====== Data shown

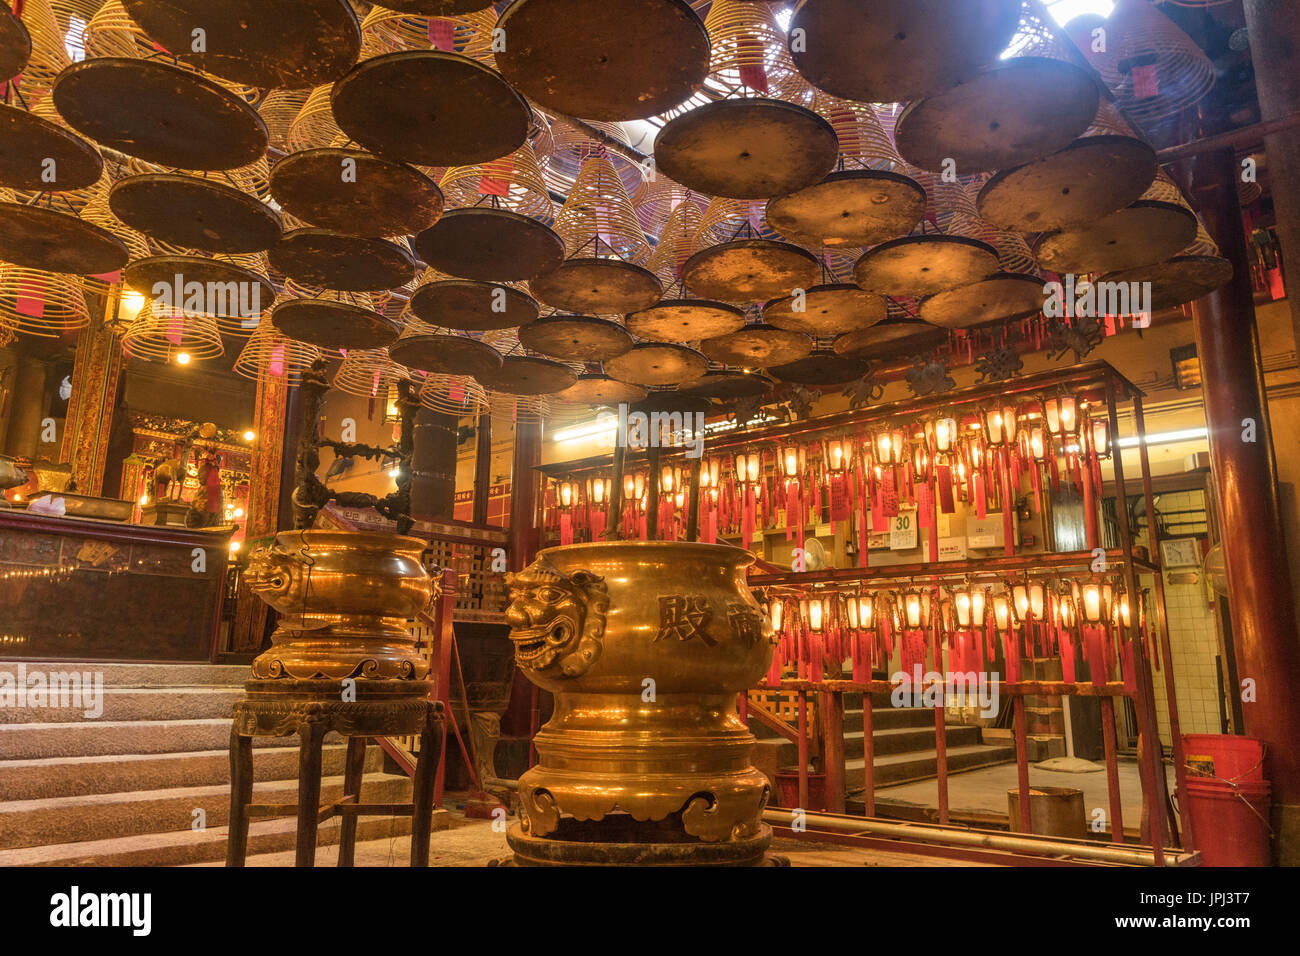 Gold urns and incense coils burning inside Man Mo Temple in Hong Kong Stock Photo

============
====== Data shown

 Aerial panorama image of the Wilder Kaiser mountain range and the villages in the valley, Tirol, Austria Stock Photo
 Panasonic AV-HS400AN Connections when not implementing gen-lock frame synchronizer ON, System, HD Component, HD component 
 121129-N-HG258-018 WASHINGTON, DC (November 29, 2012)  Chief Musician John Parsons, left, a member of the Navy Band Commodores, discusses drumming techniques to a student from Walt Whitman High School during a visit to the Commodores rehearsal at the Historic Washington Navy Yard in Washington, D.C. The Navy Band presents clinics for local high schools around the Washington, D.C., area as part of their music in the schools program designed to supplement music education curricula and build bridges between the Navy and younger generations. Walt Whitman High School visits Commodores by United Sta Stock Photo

============

## What you need to do:
Can you repeat, word for word, every line above from the one containing "Panasonic AV-HS400AN Connections" down to the one containing "121129-N-HG258-018 WASHINGTON, DC", including both?

## Answer:
 Panasonic AV-HS400AN Connections when not implementing gen-lock frame synchronizer ON, System, HD Component, HD component 
 121129-N-HG258-018 WASHINGTON, DC (November 29, 2012)  Chief Musician John Parsons, left, a member of the Navy Band Commodores, discusses drumming techniques to a student from Walt Whitman High School during a visit to the Commodores rehearsal at the Historic Washington Navy Yard in Washington, D.C. The Navy Band presents clinics for local high schools around the Washington, D.C., area as part of their music in the schools program designed to supplement music education curricula and build bridges between the Navy and younger generations. Walt Whitman High School visits Commodores by United Sta Stock Photo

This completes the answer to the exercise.